Aloha set to auction trademarks
By Erik Larson
Bloomberg News Service
NEW YORK — Aloha Airlines Inc., the Hawai'i carrier liquidating in its second bankruptcy in three years, won court approval to auction intellectual property for at least $525,000 to bidders including private-equity firm Yucaipa Cos.
The Dec. 2 auction, which includes dozens of trademarks, nine Internet domain names and three designs for painting aircraft exteriors, was approved yesterday by U.S. Bankruptcy Judge Lloyd King.
Yucaipa, the so-called stalking-horse bidder led by billionaire investor Ron Burkle, is Aloha's majority investor and second-lien creditor. The Los Angeles-based firm agreed to pay $25,000 cash and reduce its claims in the case by $500,000.
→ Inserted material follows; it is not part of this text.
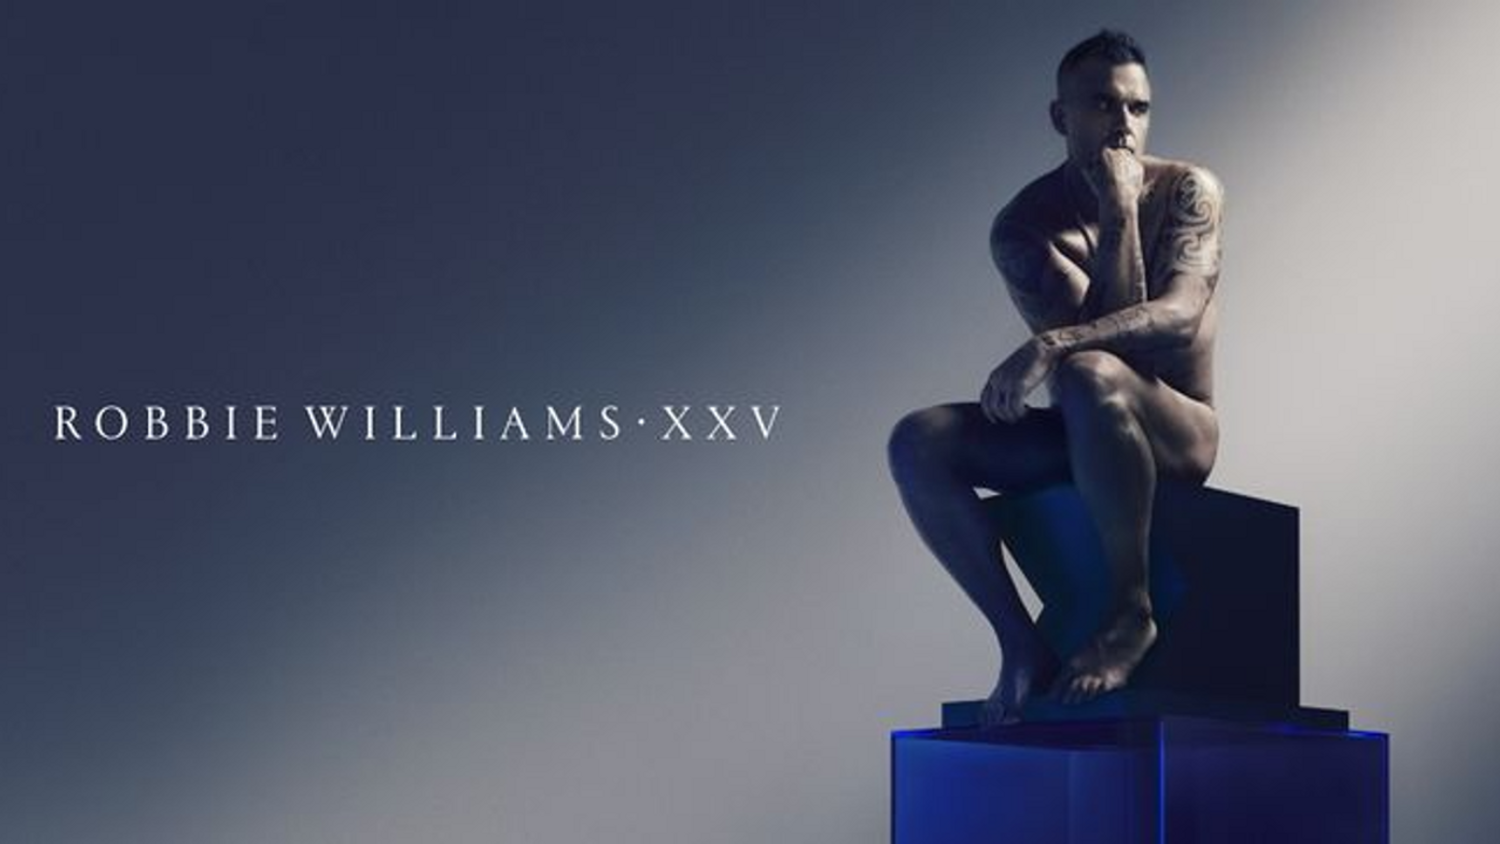 « Lost », le nouveau single de Robbie Williams est enfin sorti

Competing bids in $50,000 increments must be received by Nov. 26, according to the ruling. King scheduled a Dec. 3 hearing to consider approval of the auction results. The court order didn't reference any known competing bidders.
King in June approved Yucaipa's offer to buy Aloha's stake in a lawsuit against Mesa Air Group Inc. for $10 million. The 2007 case accused Phoenix-based Mesa of misusing Aloha's confidential passenger and pricing data to create a competing Hawai'i carrier named go!
Aloha in May won court approval to sell its profitable cargo unit to Seattle-based shipping firm Saltchuk Resources Inc. for $10.5 million.
Aloha stopped passenger flights 10 days after its March 30 Chapter 11 bankruptcy filing. The company blamed its collapse on rising fuel costs and a passenger-fare price war triggered by Mesa's competing airline. The reorganization case was later converted to Chapter 7 liquidation.